• [Source data]
============

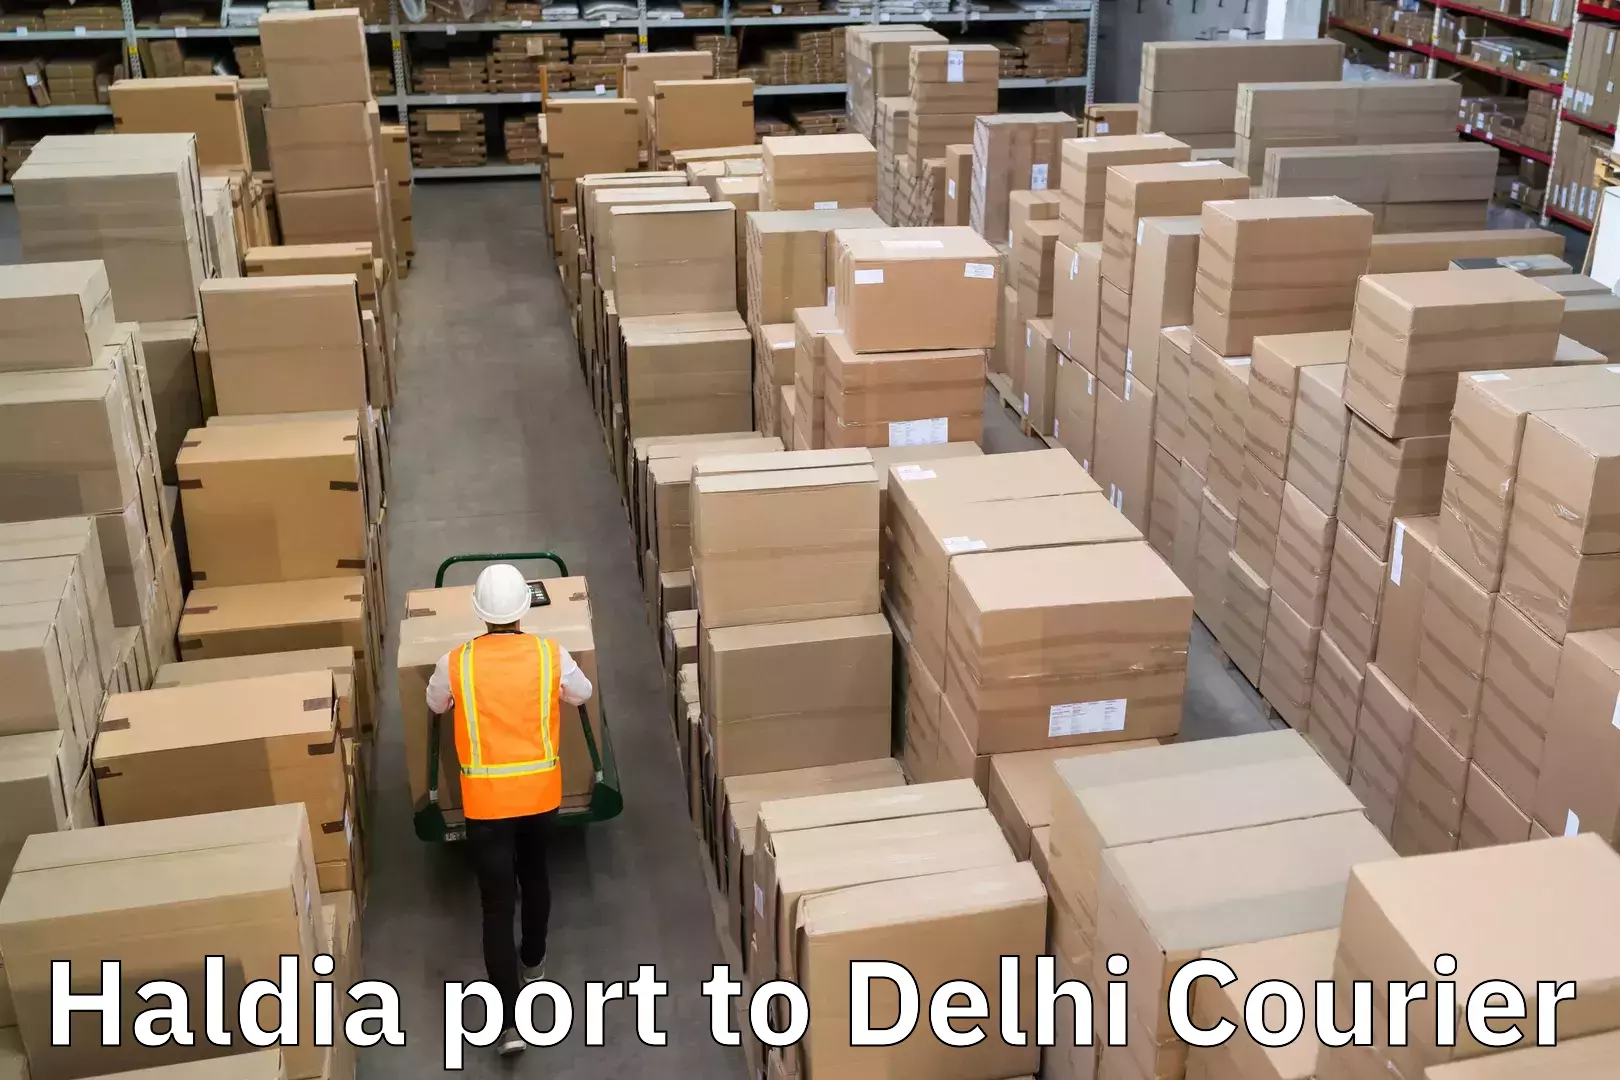 Express delivery capabilities Haldia port to Delhi
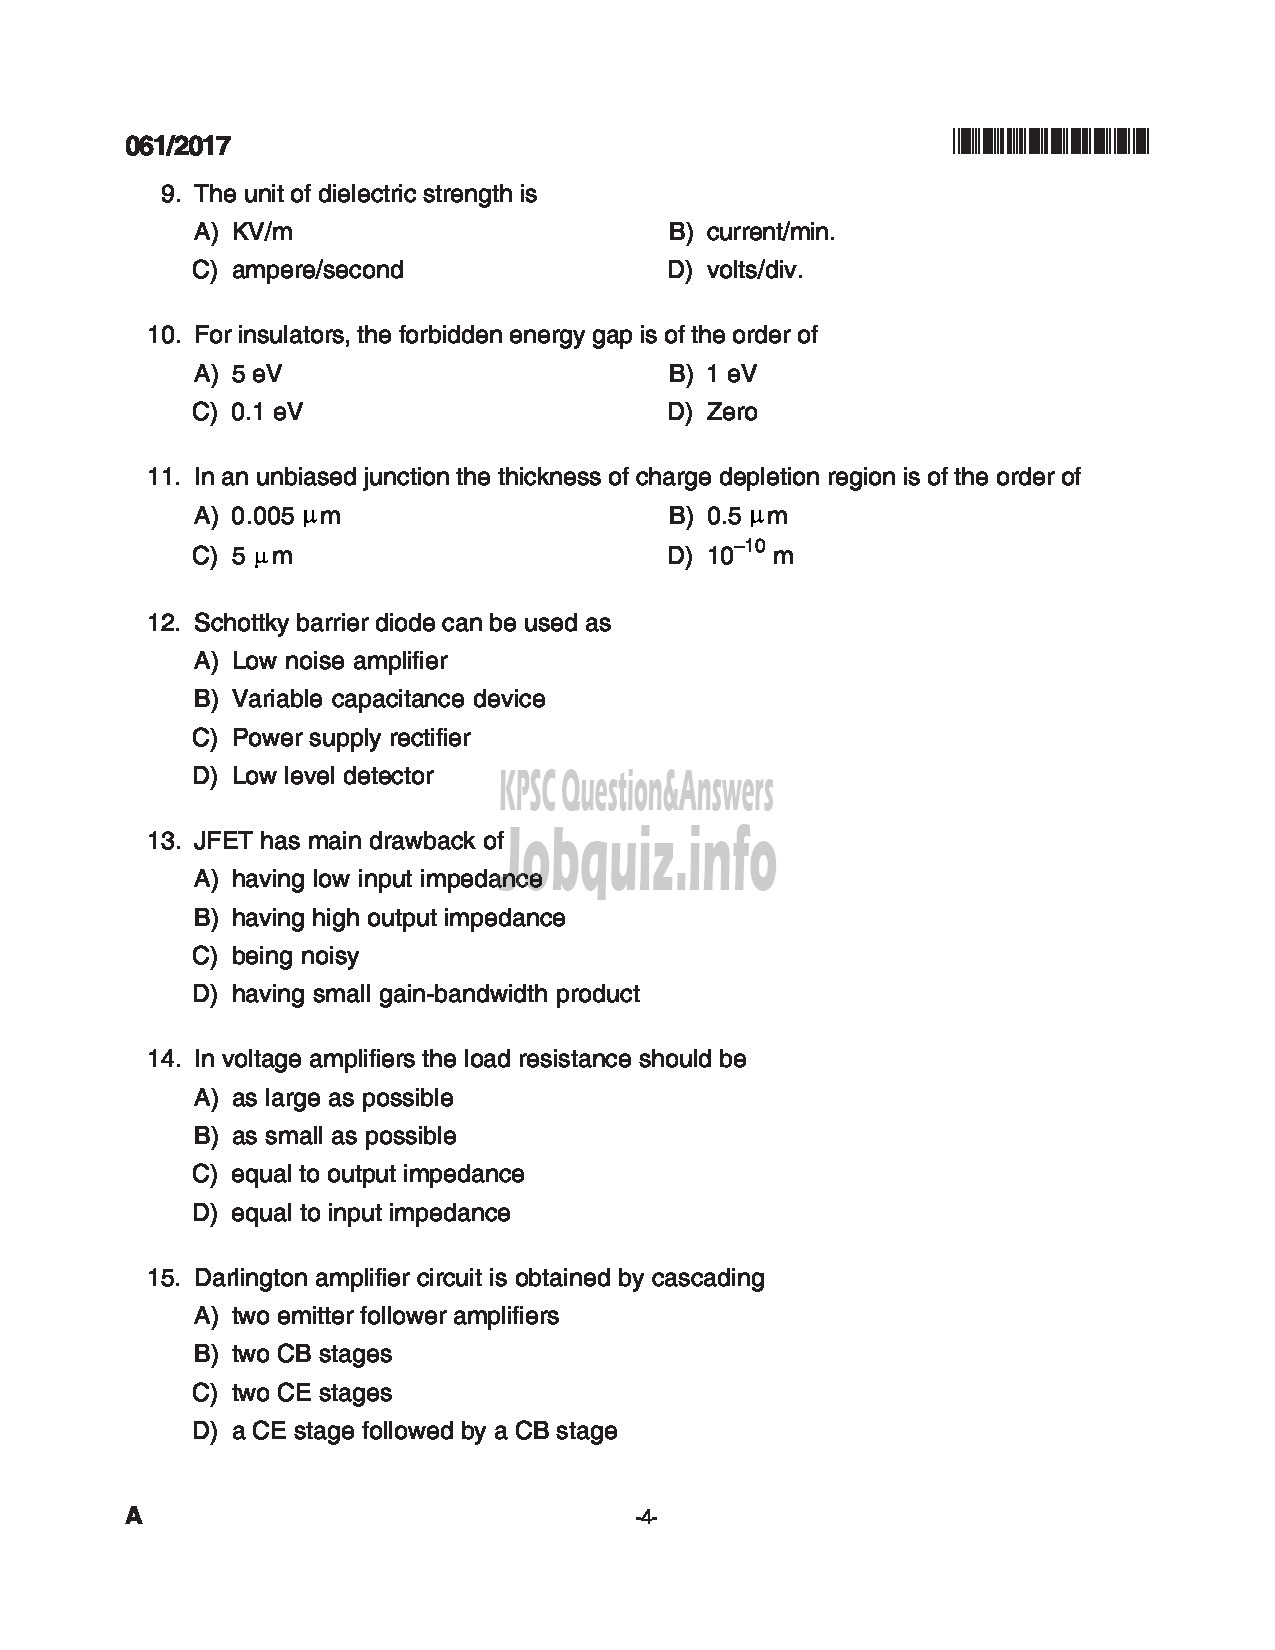 Kerala PSC Question Paper - TRADESMAN ELECTRONICS TECHNICAL EDUCATION QUESTION PAPER-4
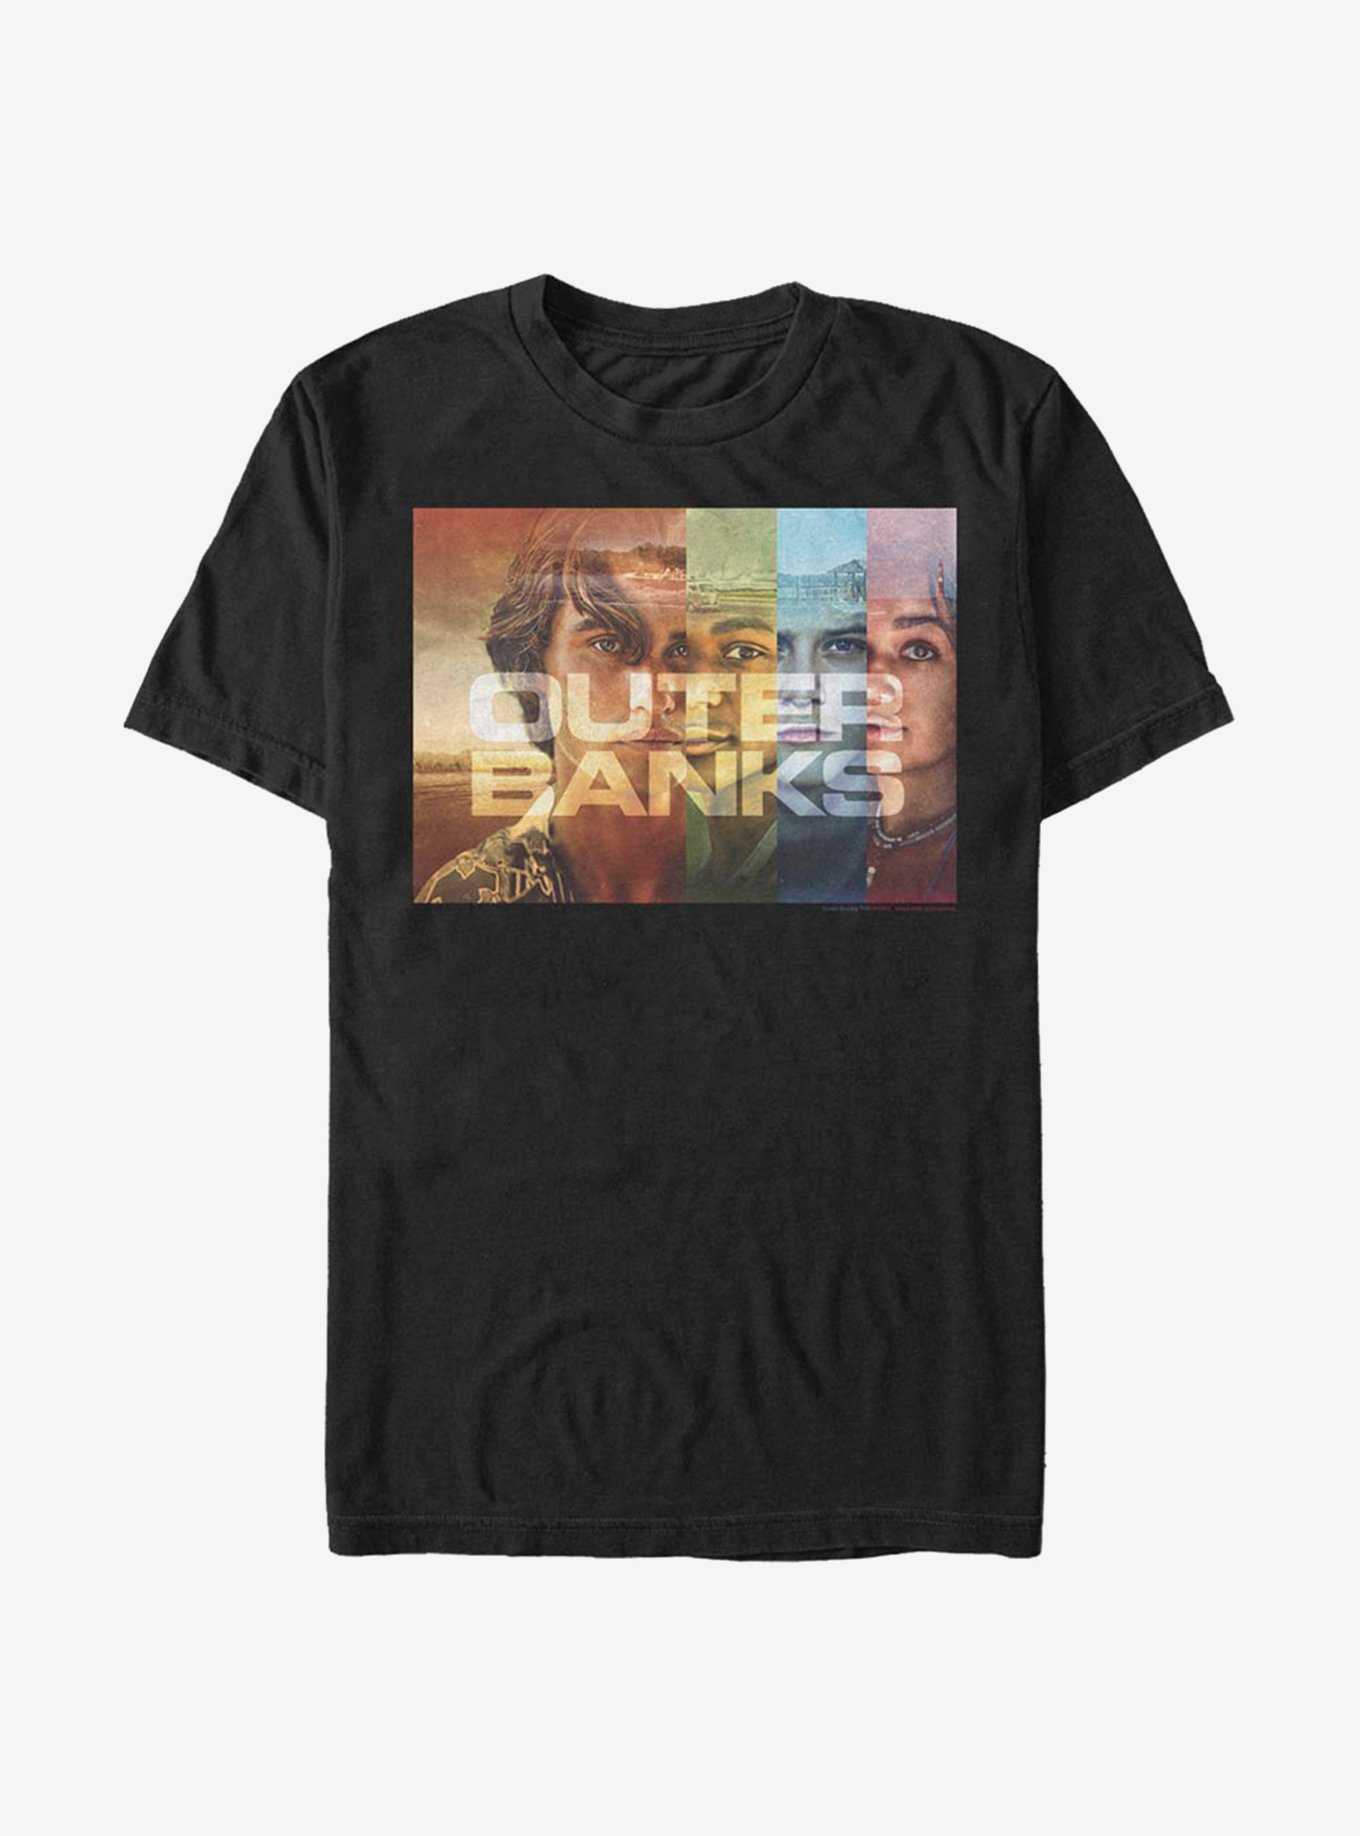 Outer Banks Poster T-Shirt, , hi-res
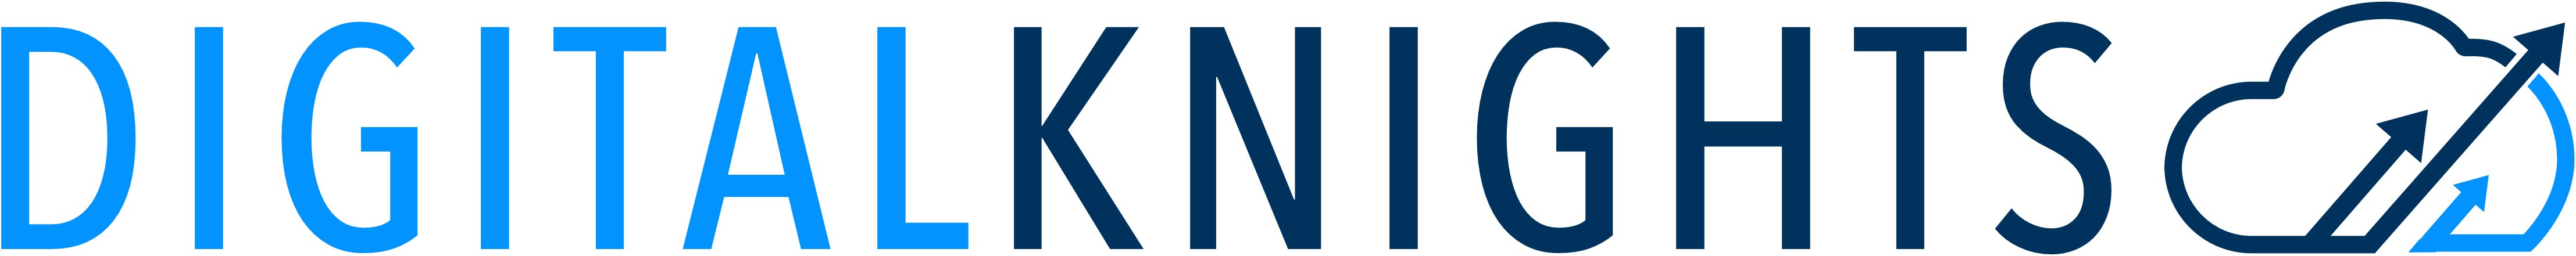 Logo Digital Knights Blue

============

• [What you should do] Find the line containing "Kerala PSC Question" in the listing above. Restate it and every line after it, word for word, through the final line, leaving out the pictures.

• [Written answer]
 Kerala PSC Question Paper - TRADESMAN ELECTRONICS TECHNICAL EDUCATION QUESTION PAPER-4
 Outer Banks Poster T-Shirt, , hi-res
 Logo Digital Knights Blue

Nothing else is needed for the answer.